Which element has a partially filled F orbital? Sm Os Ba Bi

2 answers:

7 0

Sm

For an element to have a partially filled f orbital, it will have to have an f orbital in the first place, this cancels barium, as it is the lightest of the elements listed:

Barium does not have an f orbital: [Xe]6s^2 or 1s^2 2s^2 2p^6 3s^2 3p^6 4s^2 3d^10 4p^6 5s^2 4d^10 5p^6 6s^2

Sm: [Xe] 4f6 6s2 Does have an f orbital AND they are partially filled (the F subshell has the potential to hold 14 electrons, but Sm only holds 6 electrons on its F subshell, therefore the electrons, by the rule of maximum multiplicity, in which the electrons will try to occupy orbitals by themselves first (the F subshell has 7 orbitals because 14/2 = 7), it leaves the f subshell with partially filled orbitals.

Os: Xe 4f14 5d6 6s2 all occupied f orbitals

Bi: Xe 4f14 5d10 6s2 6p3 Has full F orbitals

uysha [10]3 years ago

7 0

Answer: The element having partially filled f-orbital is Samarium (Sm)

Explanation:

Maximum number of electrons that can be filled in f-orbital are 14. So, for the element having 14 electrons in the f-orbital will be considered as fully-filled and the element having 7 electrons in the f-orbital will be considered as half-filled.

It will be judged by electronic configuration of the elements.

For the given options:

Option 1: Samarium (Sm)

The atomic number of samarium is 62 and number of electrons that are present are 62. The electronic configuration of samarium is:

$Sm:[Xe]4f^66s^2$

As, this element has electrons in f-orbital.

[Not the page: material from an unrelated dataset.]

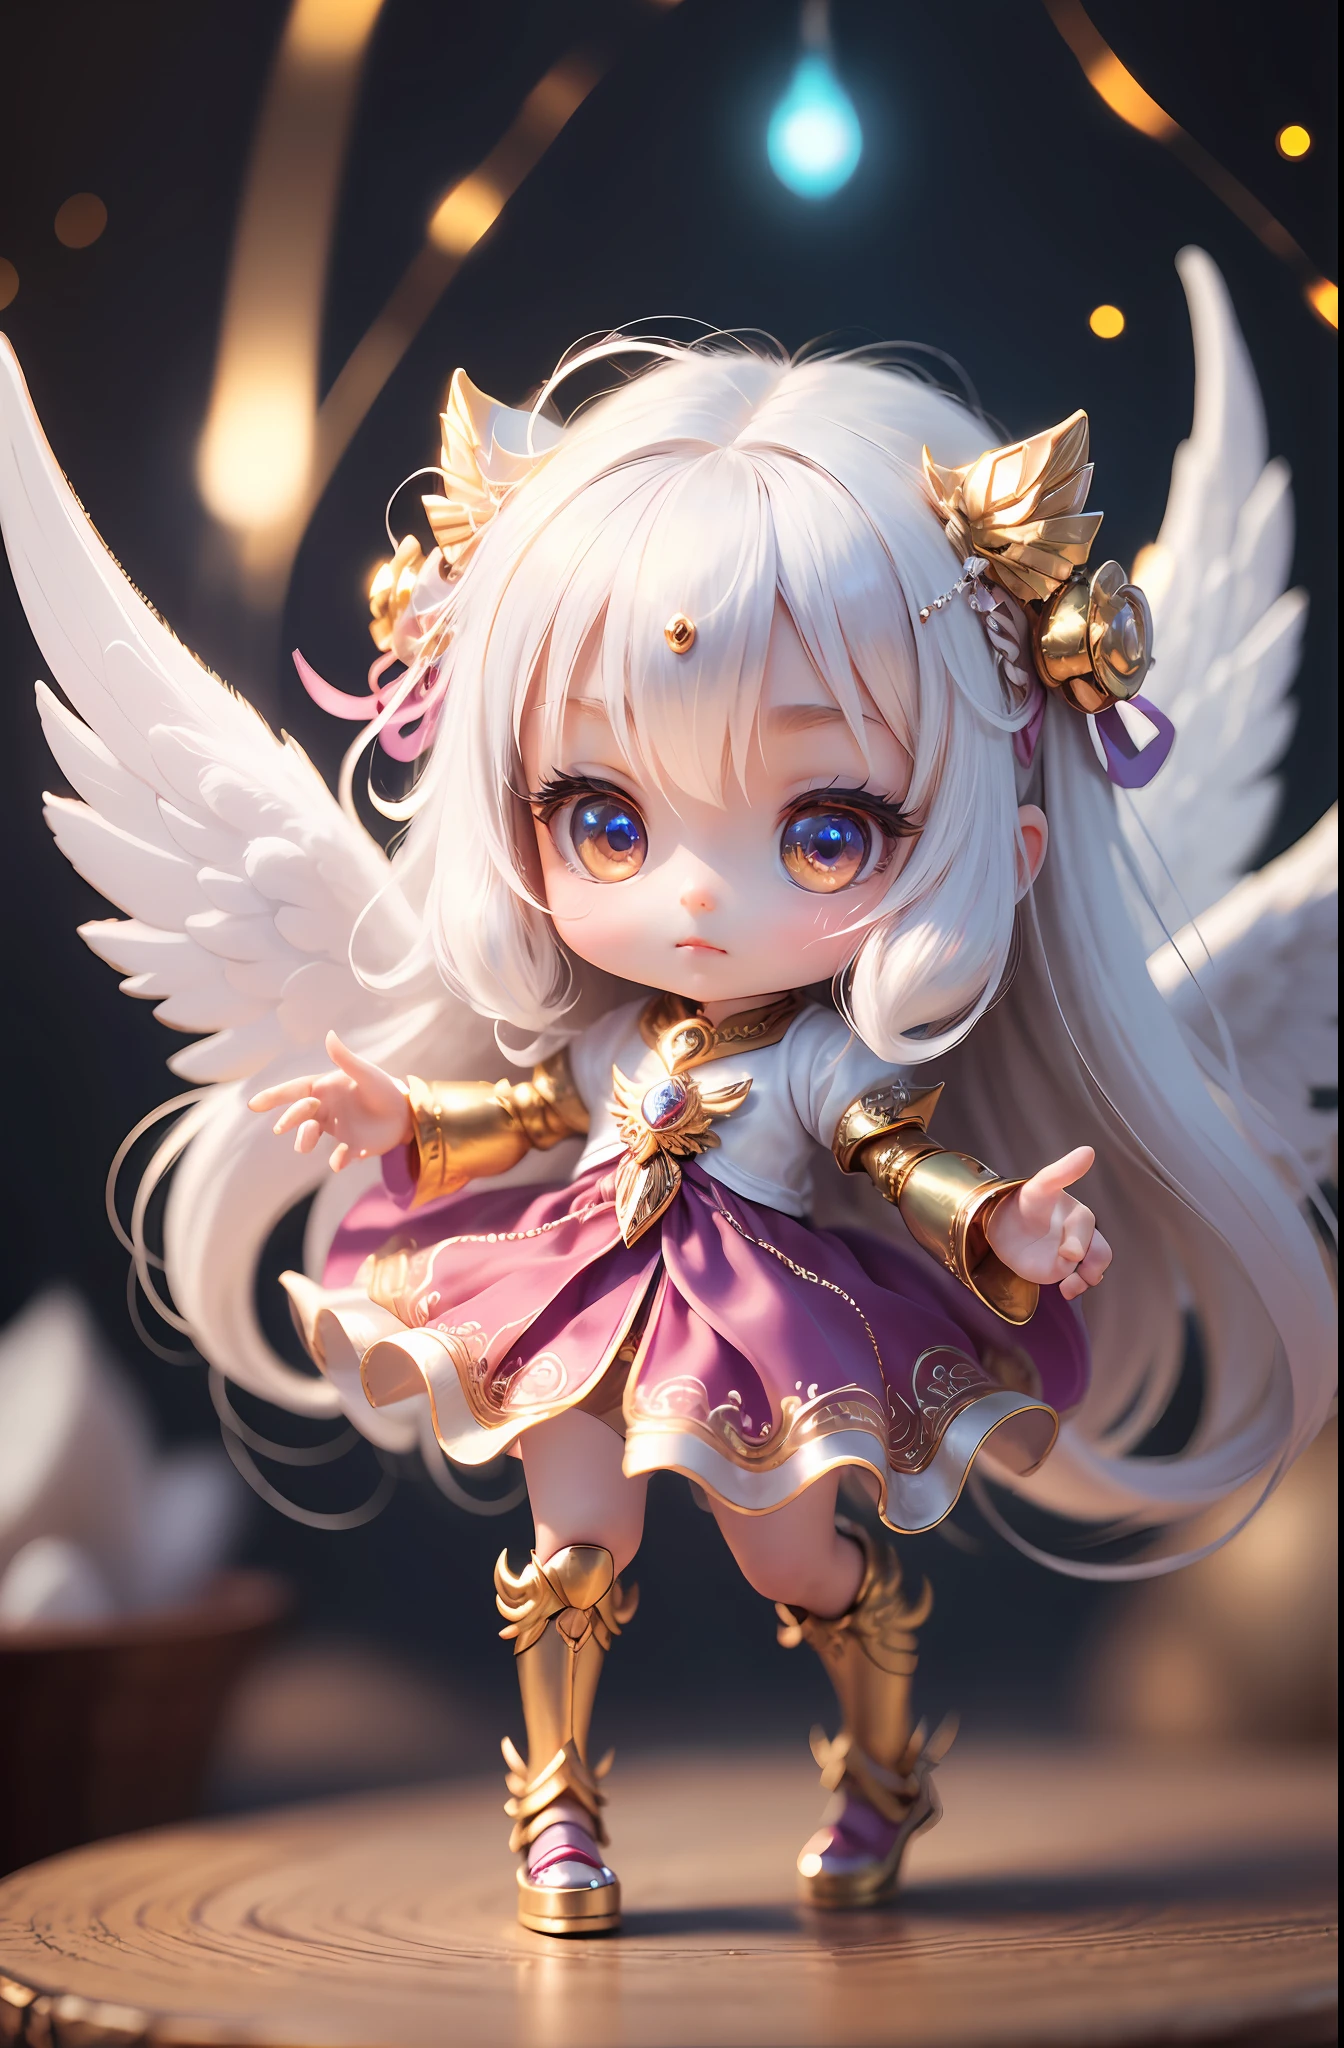 (Chibi: 1.2), (Masterpiece: 1.4), (Best Quality: 1.4), (Very Cute Angel Girl, Super Detailed Face, Jewel-like Eyes, White Very Long Hair, Colorful Gradient Hair: 1.4), (Angel Ring:
1.4), (Angel Wings: 1.4), (Full body, perfect 2 arms, perfect 2 legs: 1.4), (Perfect 4 fingers: 1 thumb), light, shine, bokeh, super fine

Thus, this has partially filled f-orbital.

Option 2: Osmium (Os)

The atomic number of osmium is 76 and number of electrons that are present are 76. The electronic configuration of osmium is:

$Os:[Xe]5d^56s^2$

As, this element does not have electrons in f-orbital. Thus, this does not has partially filled f-orbital.

Option 3: Barium (Ba)

The atomic number of barium is 56 and number of electrons that are present are 56. The electronic configuration of barium is:

$Ba:[Xe]6s^2$

As, this element does not have electrons in f-orbital. Thus, this does not has partially filled f-orbital.

Option 4: Bismuth (Bi)

The atomic number of bismuth is 83 and number of electrons that are present are 83. The electronic configuration of bismuth is:

$Bi:[Xe]6s^26p^3$

As, this element does not have electrons in f-orbital. Thus, this does not has partially filled f-orbital.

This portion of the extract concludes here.